Official Announcement: Bupati Lombok Barat Lalu Ahmad Zaini Jalani Pemeriksaan di KPK usai OTT
Official Announcement: Bupati Lombok Barat Jalani Pemeriksaan di KPK Setelah OTT Official Announcement - Senin (20/7/2026), Bupati Lombok Barat Lalu Ahmad
Official Announcement: Bupati Lombok Barat Jalani Pemeriksaan di KPK Setelah OTT
Official Announcement – Senin (20/7/2026), Bupati Lombok Barat Lalu Ahmad Zaini resmi menjalani pemeriksaan di Komisi Pemberantasan Korupsi (KPK) di Gedung Merah Putih, Jakarta Selatan, setelah terlibat dalam operasi tangkap tangan (OTT) terkait dugaan korupsi. Ia tiba di lokasi sekitar pukul 21.59 WIB dan turun dari mobil Toyota Kijang Innova berwarna hitam. Zaini terlihat mengenakan topi hitam dan masker, tetapi tidak memberikan respons terhadap pertanyaan awak media. Dia langsung berjalan ke ruang pemeriksaan dengan didampingi petugas penyidik, menandai langkah KPK dalam memperkuat investigasi kasus korupsi yang melibatkan pemimpin daerah tersebut.
Detail Pemeriksaan dan Penyitaan OTT
Dalam Official Announcement yang diterbitkan KPK, disebutkan bahwa tujuh orang dari lingkungan Pemerintah Kabupaten Lombok Barat telah diamankan pada hari yang sama. Sejumlah warga setempat menyaksikan penangkapan Zaini di rumah dinasnya sejak pagi hari, sementara lima tersangka lainnya diamankan di tempat kerja atau kantor-kantor terkait. “Pemeriksaan ini dilakukan sebagai bagian dari proses penyelidikan, dengan para tersangka berasal dari berbagai latar belakang, termasuk pegawai negeri sipil dan pihak swasta,” kata Juru Bicara KPK, Budi Prasetyo, dalam rilis resmi.
Barang bukti yang disita oleh penyidik mencakup uang tunai dalam jumlah besar serta dokumen-dokumen terkait berbagai proyek yang diduga terlibat dalam praktik korupsi.

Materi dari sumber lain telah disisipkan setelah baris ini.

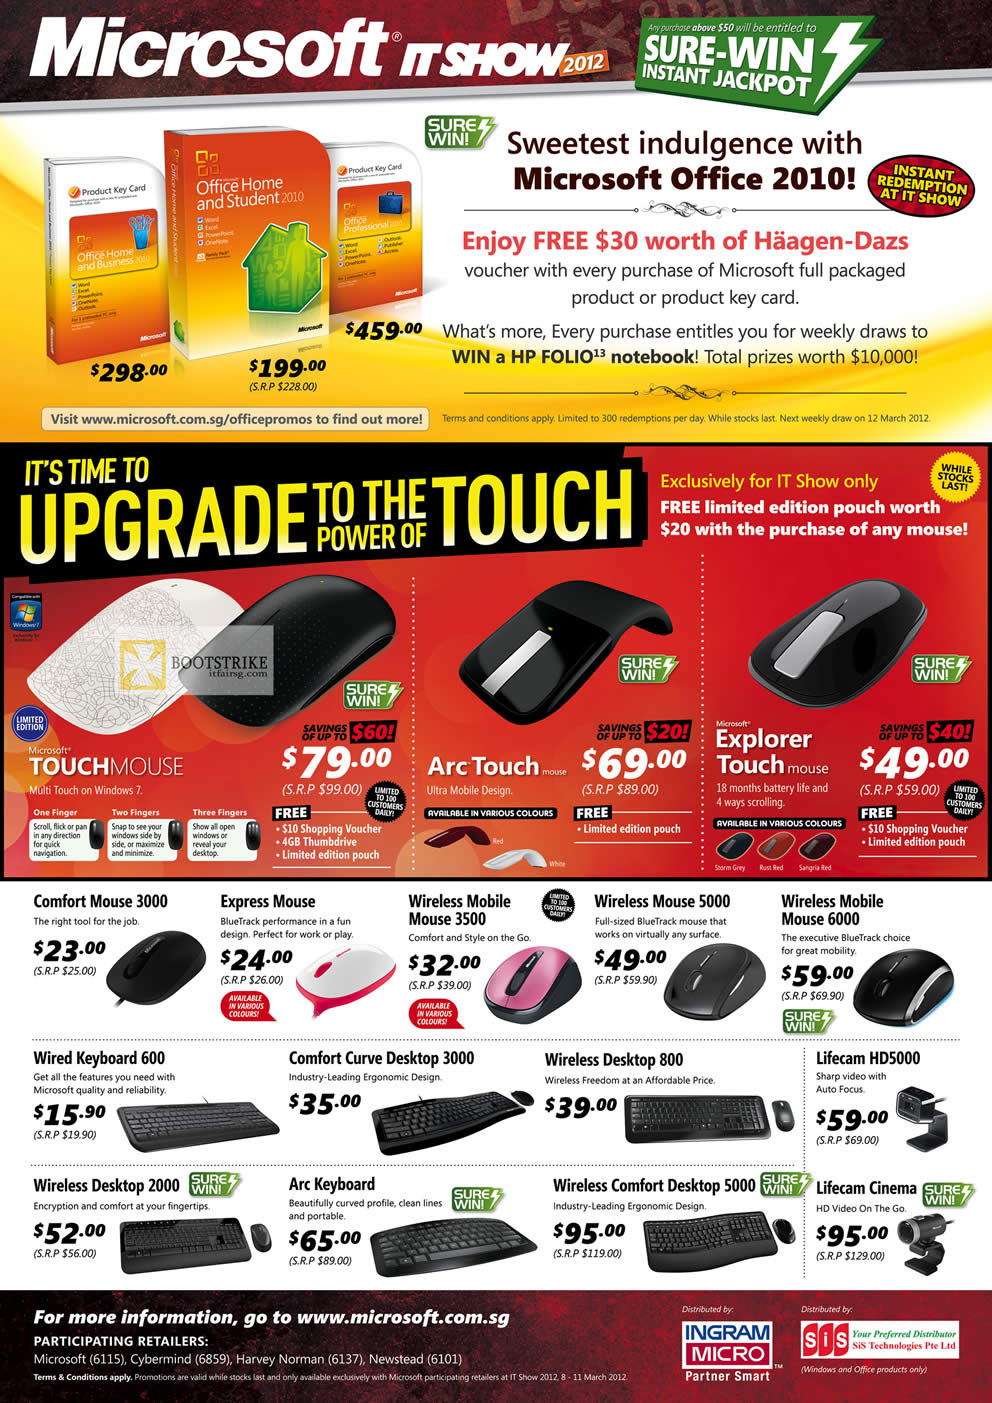 IT SHOW 2012 price list image brochure of Microsoft Hardware, Office 2010, Touch Mouse, Arc Touch, Explorer Touch, Comfort, Wireless Mobile 3500, 5000, 6000, Keyboard, Lifecam HD5000 Webcam, Cinema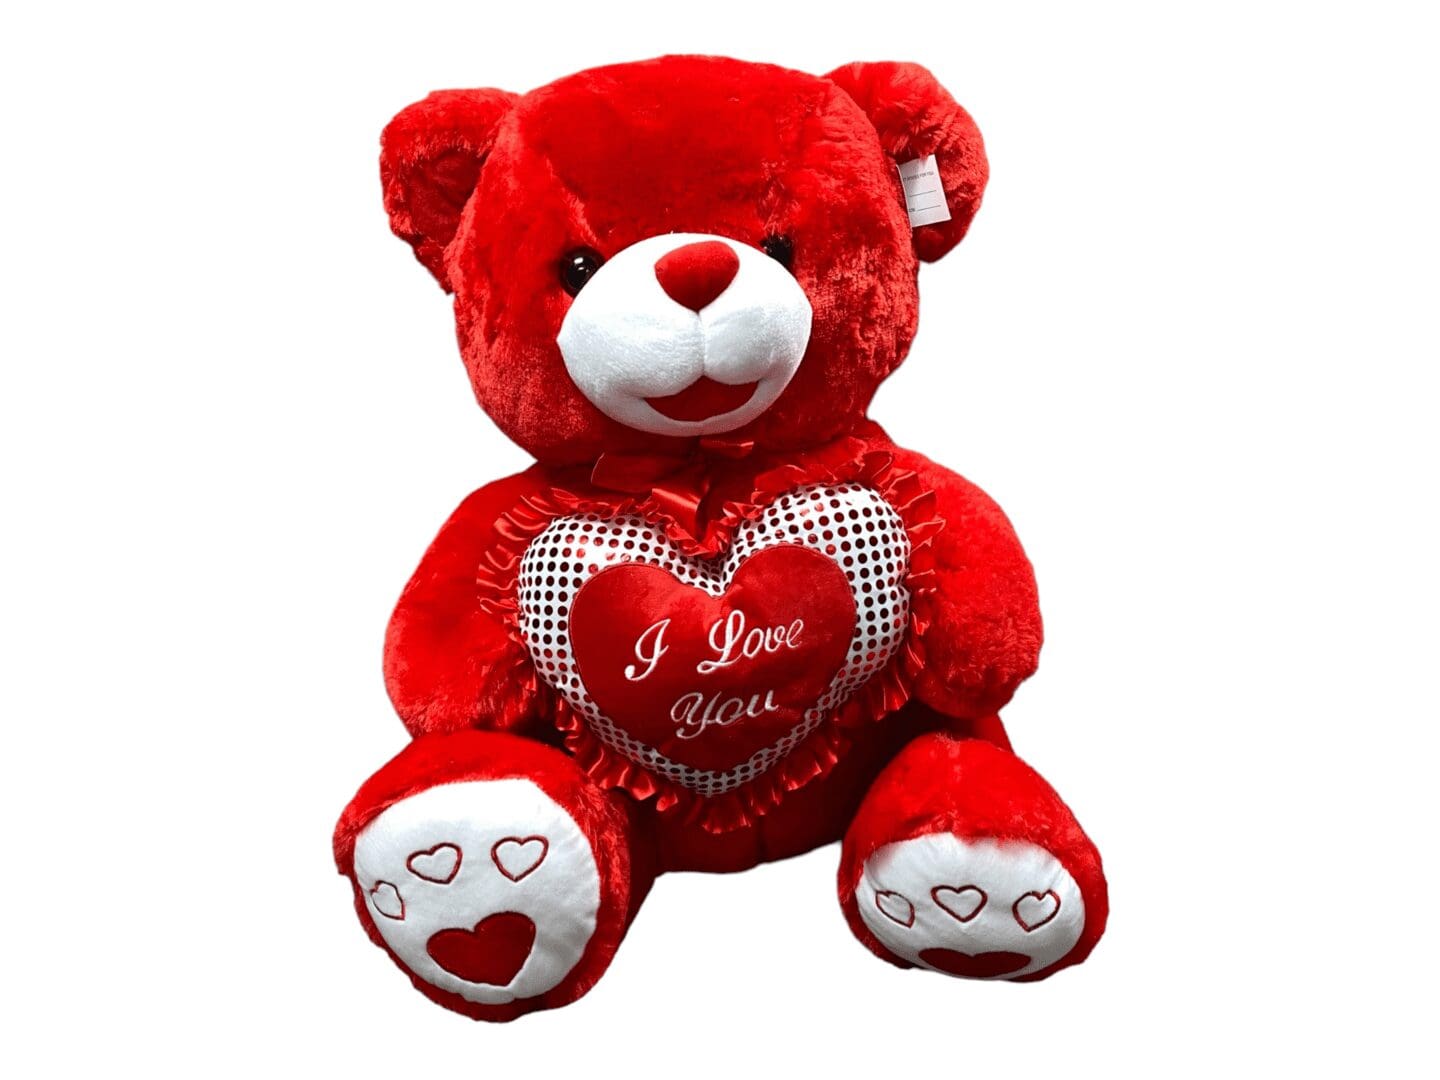 Gt7922 red teddy bear 25 that says I love You

Dalam pemeriksaan awal, Zaini diduga terkait dengan penerimaan gratifikasi dalam pengadaan infrastruktur dan kegiatan pemerintahan di daerahnya. “KPK sedang memeriksa dugaan aliran dana yang mengalir melalui berbagai skema transaksi, termasuk penggunaan nama-nama pihak ketiga untuk menutupi pelanggaran,” tambah Budi.
Konteks OTT dan Dampak pada Pemerintahan Lombok Barat
Operasi tangkap tangan yang dilakukan KPK ini mengguncang pemerintahan Lombok Barat, karena melibatkan tokoh utama dalam pengambilan keputusan. Sebelumnya, beredar informasi bahwa kasus ini berkaitan dengan kontrak-kontrak besar yang menyeret anggota DPRD setempat dan pejabat pemerintahan lainnya. Dalam Official Announcement yang dikeluarkan hari ini, KPK juga mengungkap bahwa penyelidikan berlangsung secara intensif selama beberapa minggu, dengan pengumpulan bukti yang terus dilakukan.
Kasus ini menunjukkan upaya KPK dalam mencegah penyalahgunaan wewenang oleh pejabat daerah. Pemeriksaan Zaini, yang menjadi sorotan utama, merupakan langkah krusial dalam memperjelas alur dana yang diduga diterima sebagai bentuk suap. Selain itu, KPK juga mengungkap bahwa ada potensi penyimpangan keuangan dalam beberapa proyek yang telah diselesaikan, sehingga menambah kompleksitas investigasi ini.
Dalam pemeriksaan awal, Zaini didampingi oleh tim penyidik dan akan menjawab berbagai pertanyaan terkait latar belakang transaksi dana yang diterima. Juru Bicara KPK menegaskan bahwa proses ini akan terus berlangsung hingga semua fakta terungkap. “KPK berkomitmen untuk menjalankan tugas pemberantasan korupsi secara transparan dan akuntabel, termasuk dalam Official Announcement yang kami buat untuk memberikan penjelasan detail kepada publik,” ujar Budi Prasetyo.